Mutations conferring resistance to both etravirine and darunavir arose in 73% of patients in whom etravirine failed. Four nonnucleoside mutations emerged in at least 10% of people with virologic failure of an etravirine regimen: V108I in 11%, V179I in 17%, V179F in 17%, and Y181C in 12%. Researchers had already identified V179F and Y181C as etravirine-associated mutations. The IAS-USA rates V108I and Y181C as mutations that make HIV resistant to nevirapine and efavirenz [4]. In site-directed mutagenesis studies, these four mutations resulted in the following fold changes in susceptibility to etravirine:
 
· V108I: 0.5-fold
· V179F: 0.1-fold, but 187-fold with Y181C
· V179I: 0.8-fold, but 9.1-fold with Y181C
· Y181C: 3.9-fold
 
V108I always arose with other emergent or pretreatment nonnucleoside mutations, including mutations at positions 179 and 181. V179F evolved during failure only along with Y181C. V179I also arose in 6% of people with virologic failure in the placebo group, none of whom was taking a nonnucleoside.

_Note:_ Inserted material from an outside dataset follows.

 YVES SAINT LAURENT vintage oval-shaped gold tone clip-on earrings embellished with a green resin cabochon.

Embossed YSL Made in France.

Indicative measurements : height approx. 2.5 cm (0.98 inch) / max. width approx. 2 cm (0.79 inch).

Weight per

Although V108I and V179I emerged during etravirine failure, if a person already had one of those mutations when they started etravirine, V108I and V179I did not appear to affect virologic response.
 
Defining the study endpoint as the last visit during etravirine treatment with both genotypic and phenotypic testing, the investigators tracked a jump in median number of etravirine mutations from 1 to 2 and a surge in fold-change in susceptibility from 3.3-fold to 34.2-fold. Median number of darunavir mutations climbed from 3 to 4, and median fold-change in susceptibility to darunavir rose from 14.0-fold to 70.6-fold.
 
References
1. Tambuyzer L, Vingerhoets J, Azijn H, et al. Emerging mutations in patients with virological failure on TMC125 in the DUET-1 and DUET-2 clinical trials. 6th European HIV Drug Resistance Workshop. March 26-28, 2008. Budapest. Abstract 47.
2. Madruga JV, Cahn P, Grinsztejn B, et al. Efficacy and safety of TMC125 (etravirine) in treatment-experienced HIV-1-infected patients in DUET-1: 24-week results from a randomised, double-blind, placebo-controlled trial. Lancet. 2007;370:29-38.

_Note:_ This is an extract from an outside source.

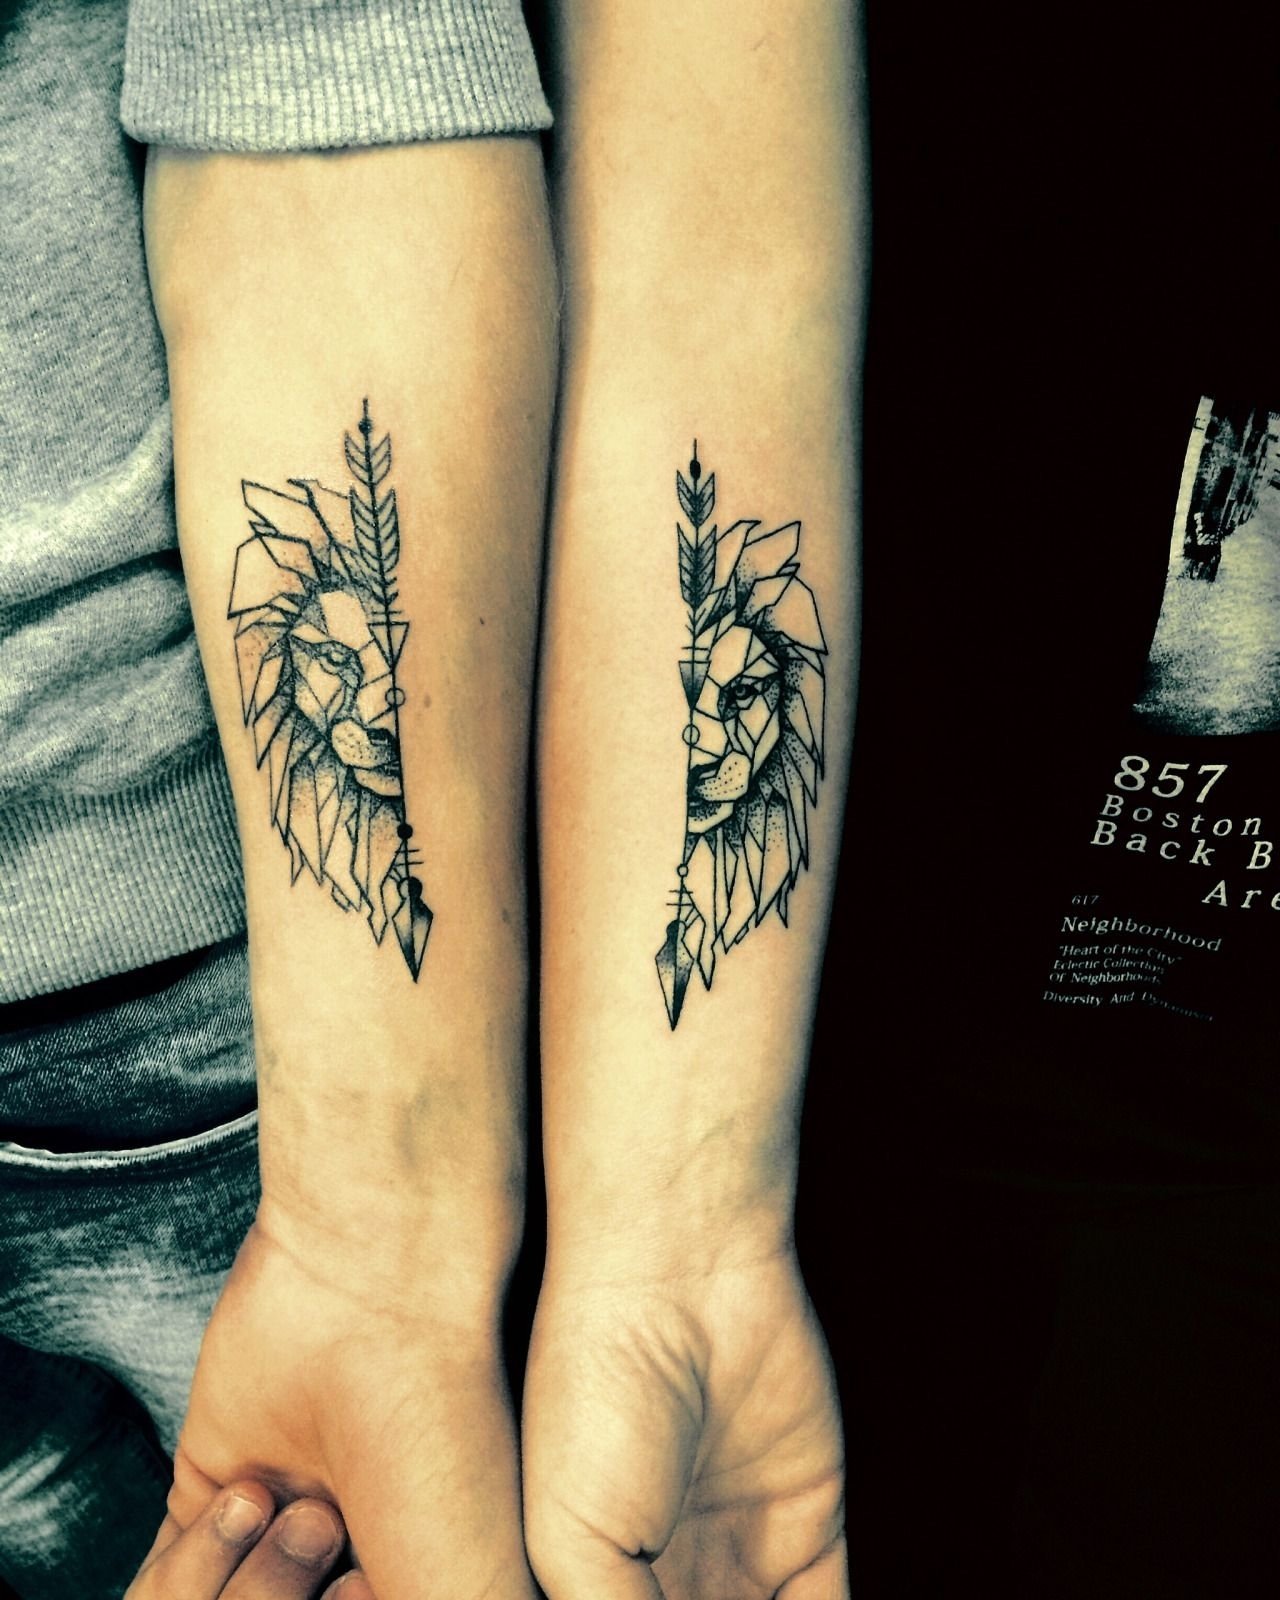 10 Stylish His And Her Matching Tattoos Ideas matching tattoos day mandram tattoos piercings pinterest 1 2022

3. Lazzarin A, Campbell T, Clotet B, et al. Efficacy and safety of TMC125 (etravirine) in treatment-experienced HIV-1-infected patients in DUET-2: 24-week results from a randomised, double-blind, placebo-controlled trial. Lancet. 2007;370:39-48.
4. Johnson VA, Brun-Vezinet F, Clotet B, et al. Update of the drug resistance mutations in HIV-1: 2007. Topics HIV Med. 2007;15:119-125.